#### [Your instructions]
Everything in the data must be repeated exactly, apart from the pictures, which are left out.

#### [Source material]
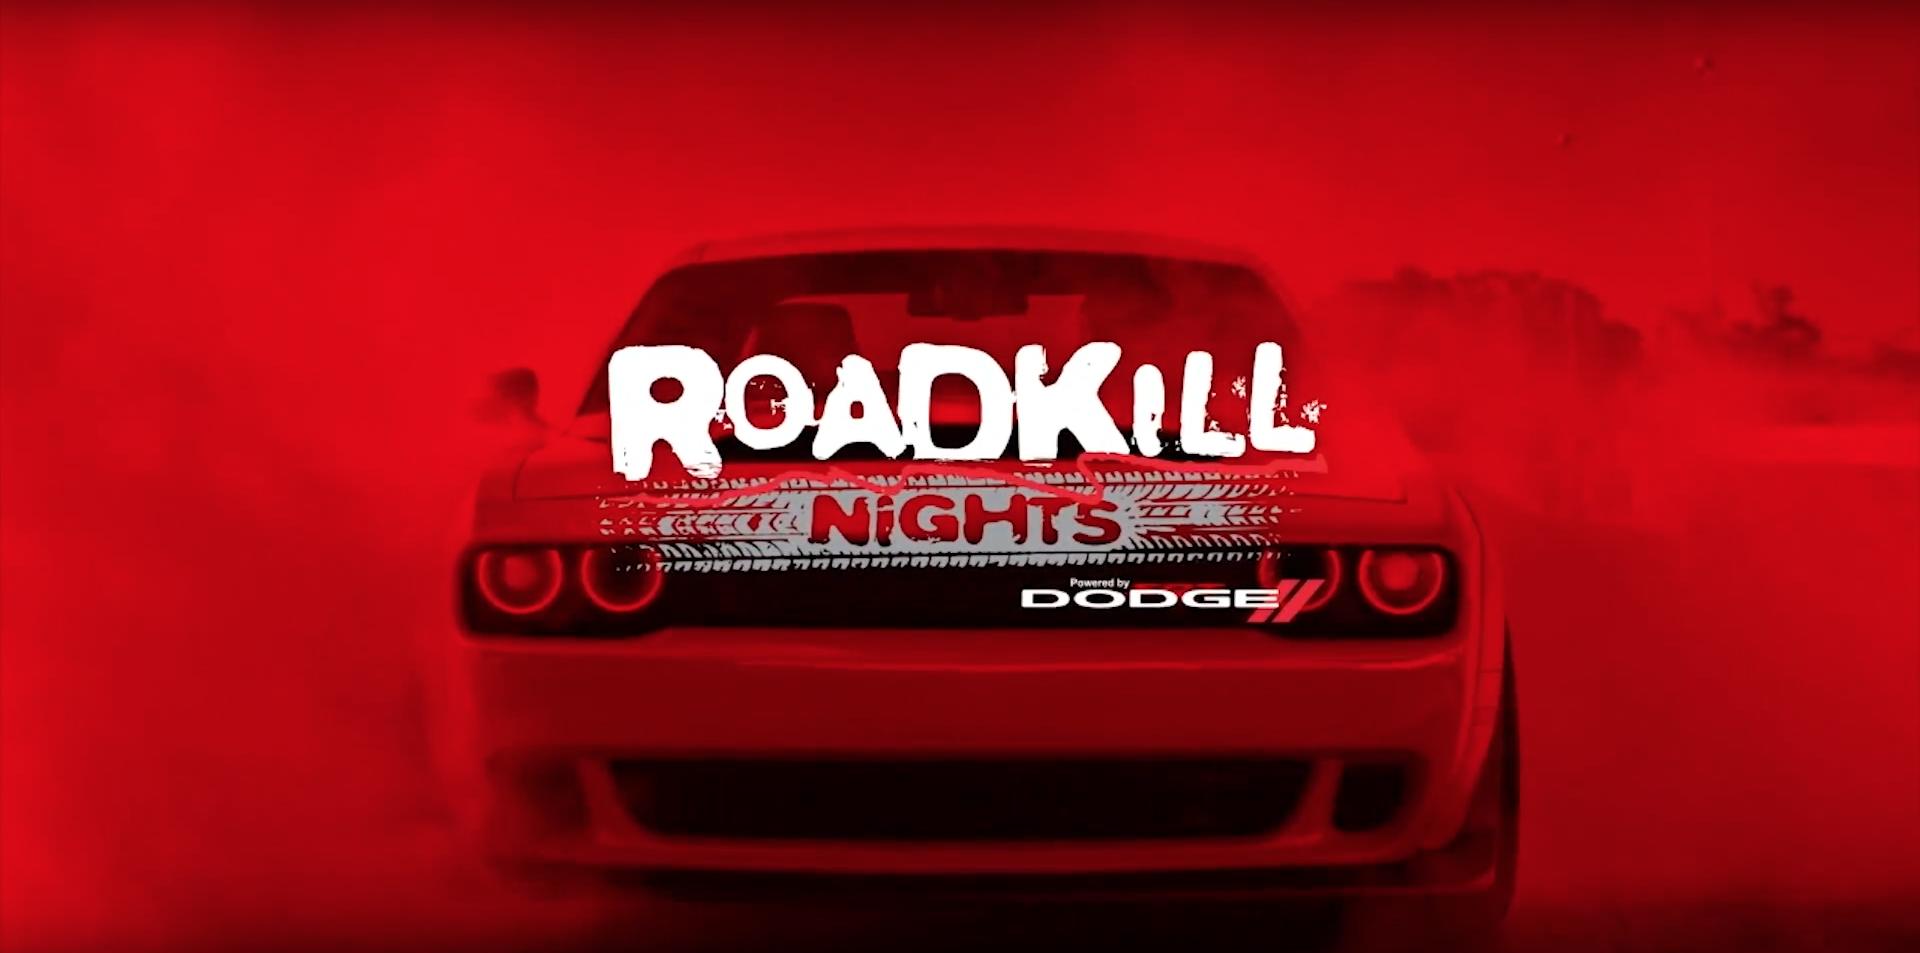 Dodge Roadkill Nights Durable Goods
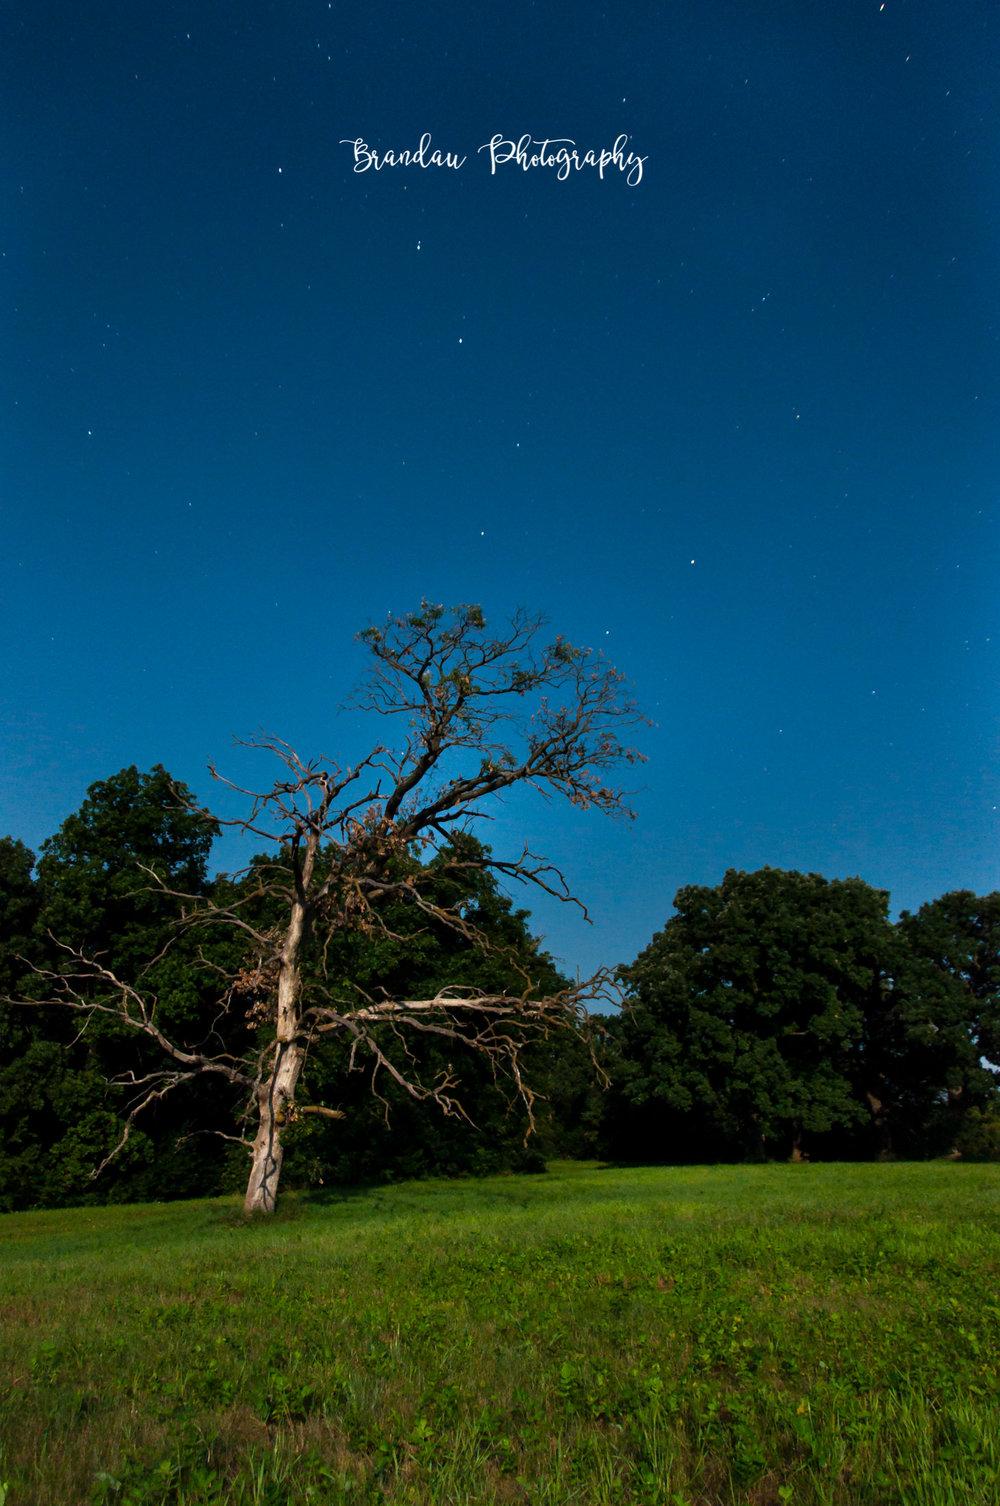 Brandau Photography - Big Dipper - North Star - Old Tree - Iowa
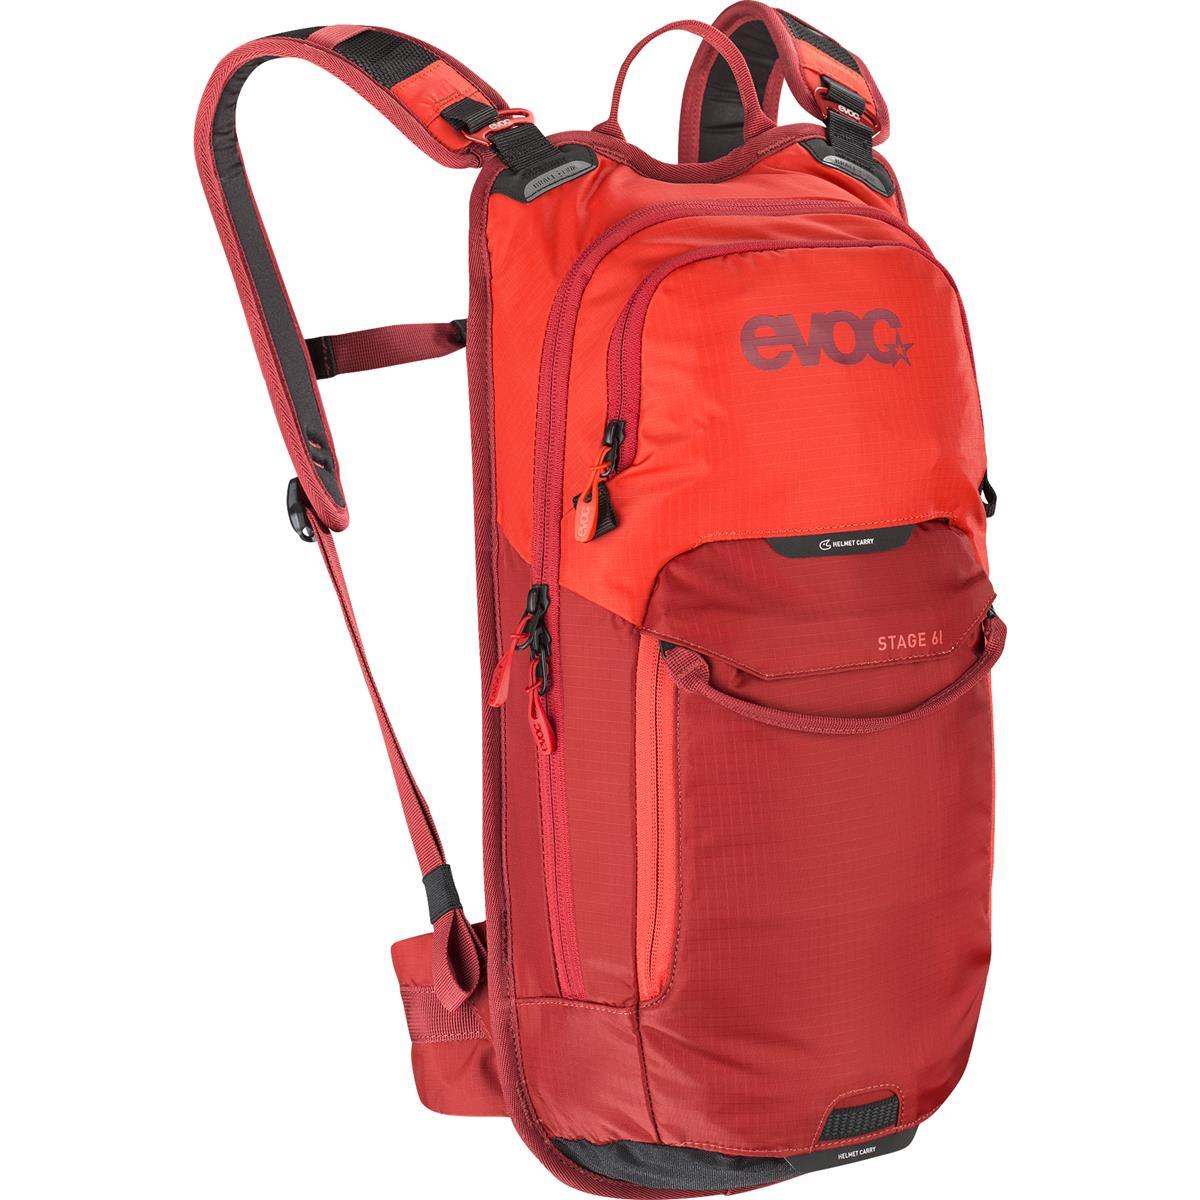 Evoc Rucksack mit Trinksystem Stage Orange/Chili Red, 6 Liter

#### [Solved problem]
 Dodge Roadkill Nights Durable Goods
 Brandau Photography - Big Dipper - North Star - Old Tree - Iowa
 Evoc Rucksack mit Trinksystem Stage Orange/Chili Red, 6 Liter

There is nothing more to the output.